Combining fare for the flights in one group:

  1. Mean fare: This is the average of the fare of all the flights in a particular group corresponding to departure day and days to departure. Because of high standard deviation, taking the mean is not a very good option.
  2. Minimum fare: This does not give a very good insight of the trend, as a minimum value could occur because of some offer by an airline.
  3. First Quartile: This is a good measure as we are focusing on minimizing the fare and we do not want to consider the flights with high fares.
  4. Custom Fare: This is the fare giving more weightage to recent price trend.
    Total_customFare = w*(First Quartile for entire time period) + (1-w)*(First quartile of last x days)
    (We have considered: w = 0.7 and x = & days)

Calculating whether to buy or wait for the this data:

Logical = 1 if for any d < D the Total_customFare is less than the current Total_customFare
(Here, d is the days to departure and D is the days to departure for the current row.)

Trend Analysis

After creating the train file, we shift to create another dataset which is used to predict number of days to wait. For this, we used trend analysis on the original dataset.


Determining the minimum CustomFare for a particular pair of Departure Day and Days to Departure

We input the train dataset that has been created and find the minimum of the CustomFare corresponding to each combination of Departure Date and Days to Departure. Now with the obtained minimum CustomFare corresponding to each pair, we do a merge with our initial dataset and find out the Airline corresponding to which the minimum CustomFare is being obtained.

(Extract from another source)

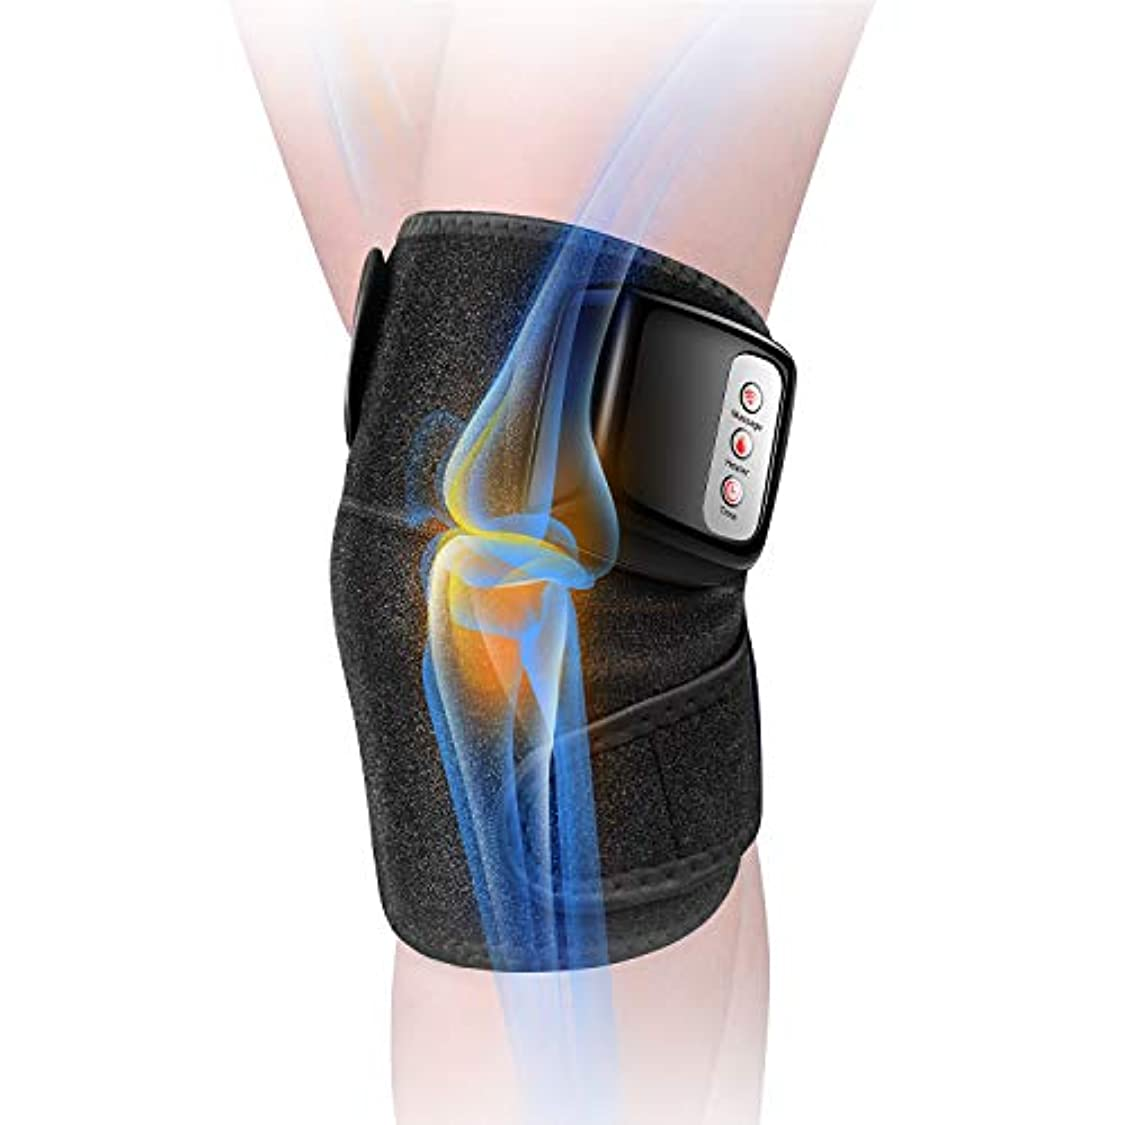 ジョージエリオット感じる悪行膝マッサージャー 関節マッサージャー マッサージ器 フットマッサージャー 振動 赤外線療法 温熱療法 膝サポーター ストレス解消 肩 太もも/腕対応

The count on the number of times a particular Airline appears corresponding to the minimum Custom Fare is the probability with which the Airline would be likely to offer a lower price in the future. This probability of each Airline for having a minimum Fare in the future is exported to the test dataset and merged with the same while the dataset of minimum Fares is retained for the preparation of bins to analyse the time to wait before the prices reduce



Creation of Bins

We next wanted to determine the trend of “lowest” airline prices over the data we were training upon. So the entire sequence of 45 days to departure was divided into bins of 5 days. In intervals of 5, the first bin would represent days 1-5, the second represents 6-10 and so on.

Corresponding to each bin, we required a value of the fare that would be optimal for consideration in suggesting a value for the days to wait to the user. Among all the points that lie in a bin, the 25th percentile was determined as the value that would be the possible lowest Fare corresponding to the bin which indicates days to departure.

Comparing the present price on the day the query was made with the prices of each of the bin, a suggestion is made corresponding to the maximum percentage of savings that can be done by waiting for that time period.The approximate time to wait for the prices to decrease and the corresponding savings that could be made is returned to the user.